7 augustus 2019

Ten onrechte ontruimde huurder kan niet terugkeren naar oude huurwoning

author

Gerard (G.J.) Scholten

feature-img

Inleiding

Wanneer een verhuurder (in kort geding) ontruiming van een huurwoning vordert en gelijk krijgt, kan dat vonnis ten uitvoer worden gelegd. De huurder wordt dan ontruimd. Soms wordt het vonnis in hoger beroep echter vernietigd door het Gerechtshof. Dan is die ontruiming achteraf gezien onrechtmatig geweest. De ontruimde huurder vordert dan dikwijls een terugkeer naar de oude woning. Die is vaak al verhuurd aan een volgende huurder, die niets te maken heeft met het geschil. Hoe gaat de rechter daarmee om?

Primaire en subsidiaire vordering

Meestal vordert de ten onrechte ontruimde huurder primair een terugkeer naar de vorige huurwoning en subsidiair toewijzing van een andere (gelijkwaardige) woning. Bovendien zal schadevergoeding worden gevorderd wegens de onrechtmatige ontruiming. Daarbij kan worden gedacht aan verblijfskosten (in een hotel) en andere vormen van schade.

Gerechtshof ’s-Hertogenbosch (ECLI:NL:GHSHE:2019:1990)

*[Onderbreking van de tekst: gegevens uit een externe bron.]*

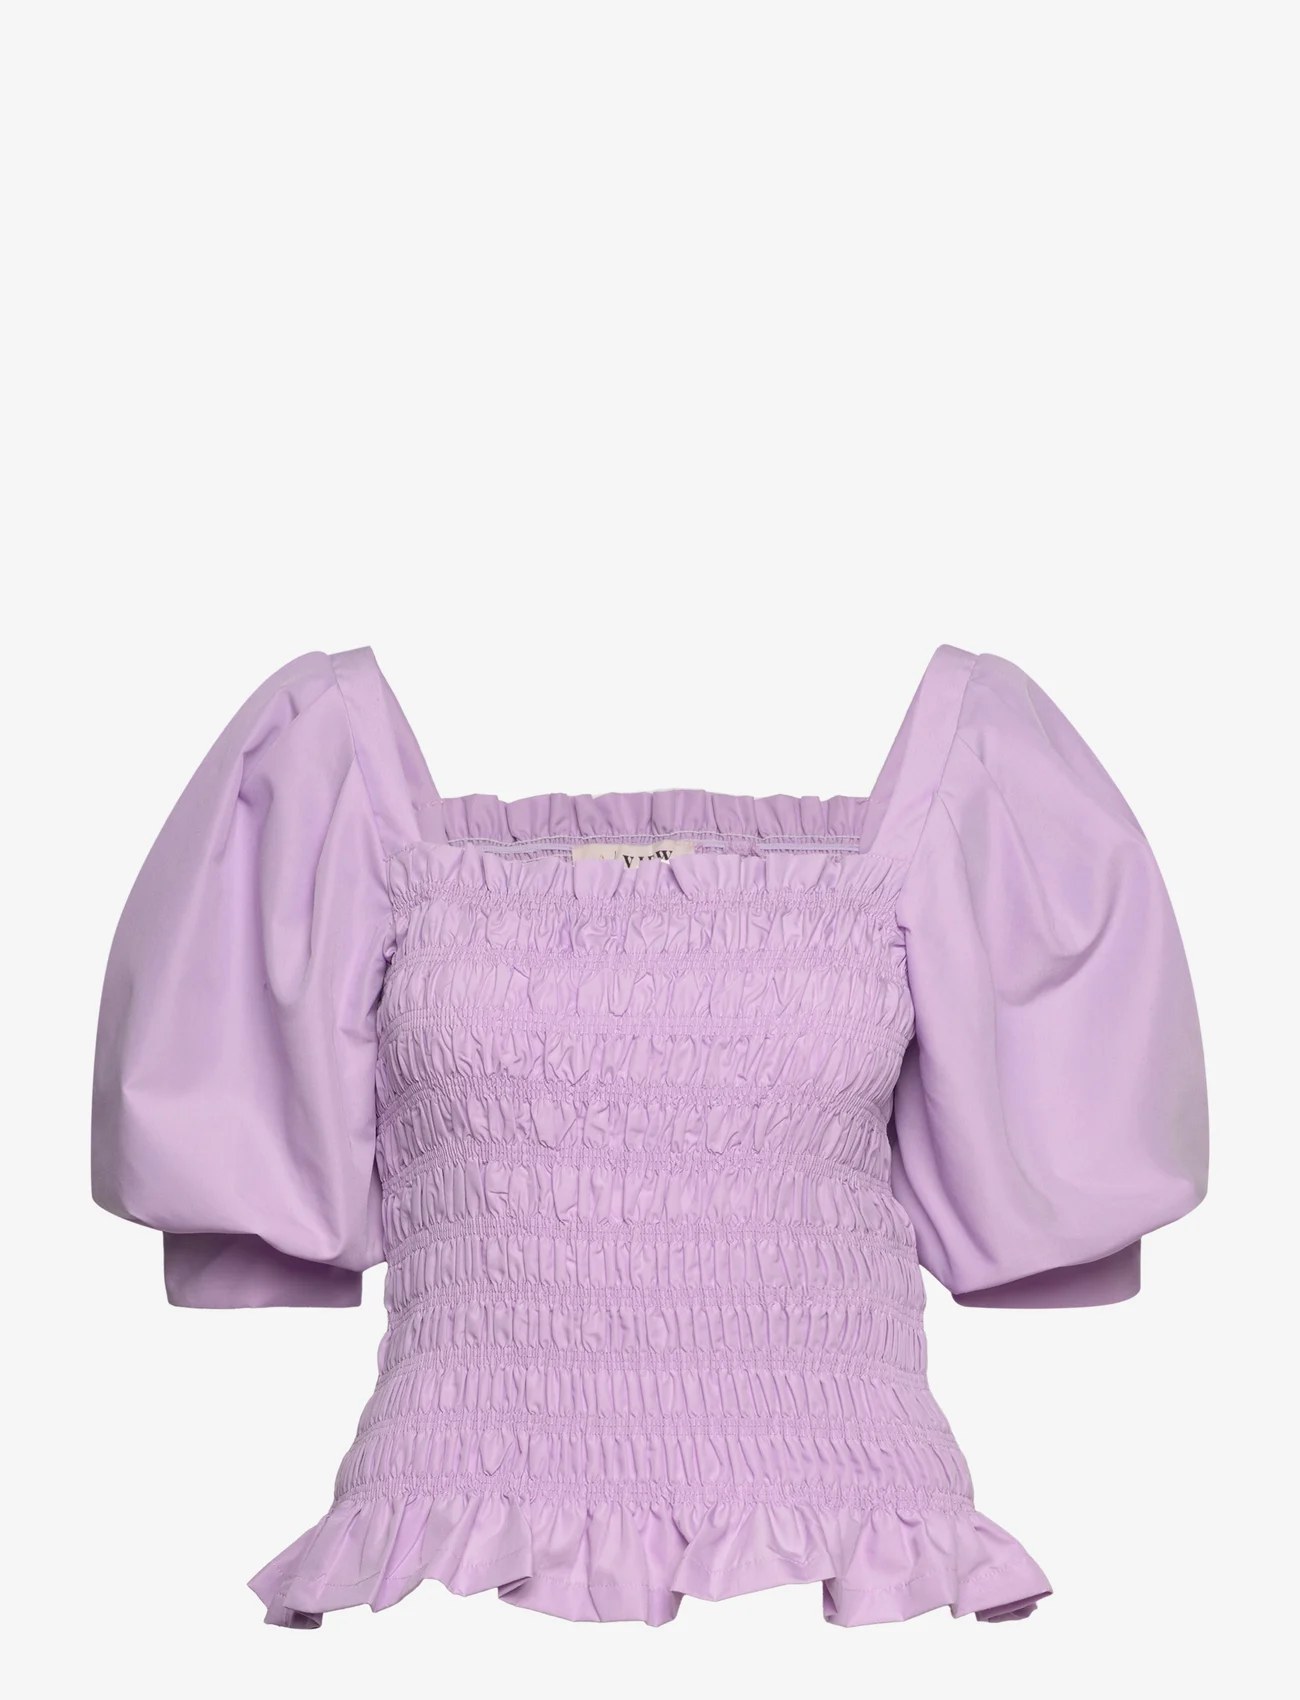 A-View - Rikka top - blouses korte mouwen - purple - 0

In een recent arrest van het Gerechtshof ’s-Hertogenbosch ging het om de vraag of de primaire vordering van de huurder (terugkeer naar de oude huurwoning) terecht is afgewezen door de kantonrechter Eindhoven. Deze kantonrechter had geoordeeld dat van de verhuurder (een corporatie) niet gevergd kon worden dat de woning weer aan de huurder ter beschikking werd gesteld, omdat er al een andere huurder in de woning zat. De ontruimde huurder ging in hoger beroep en stelde dat de kantonrechter ten onrechte heeft overwogen dat het onmogelijk zou zijn voor de corporatie om de woning weer terug te geven aan de oorspronkelijke huurder. Het gerechtshof verwierp het hoger beroep en blijkt het met de kantonrechter eens te zijn.

Overwegingen van het Hof

Het hof stelt voorop dat niet in geschil is dat de corporatie in beginsel aansprakelijk is voor de schade die de ontruimde huurder heeft geleden doordat de corporatie het kort geding vonnis heeft laten uitvoeren. Die aansprakelijkheid van de corporatie laat echter onverlet dat het nu voor de corporatie feitelijk onmogelijk is om de woning, die aan nieuwe huurders ter beschikking is gesteld, nog aan de huurder ter beschikking te stellen. Het hof is net als de kantonrechter van oordeel dat bij deze stand van zaken moet worden geconcludeerd:
1. dat de woning jegens de huurder een gebrek heeft in de zin van artikel 7:204 lid 2 BW;
2. dat het voor de corporatie onmogelijk is in de zin van artikel 7:206 lid 1 BW om dat gebrek te verhelpen;
3. dat de corporatie daarom bevoegd was om de huurovereenkomst op de voet van artikel 7:210 lid 1 BW buitengerechtelijk te ontbinden.

Gebrek

Volgens de wet is een gebrek: een staat of eigenschap waardoor de woning aan de huurder geen of minder huurgenot kan verschaffen. Het feit dat de woning aan een ander is verhuurd wordt dus ook gezien als een gebrek. Wanneer het voor de verhuurder onmogelijk is om het gebrek te verhelpen dan kan in bijzondere gevallen de huurovereenkomst buitengerechtelijk (dus middels een brief) worden ontbonden. Dat is geregeld in artikel 7:210 BW. Van die mogelijkheid had de corporatie gebruik gemaakt en het hof keurt dat dus goed.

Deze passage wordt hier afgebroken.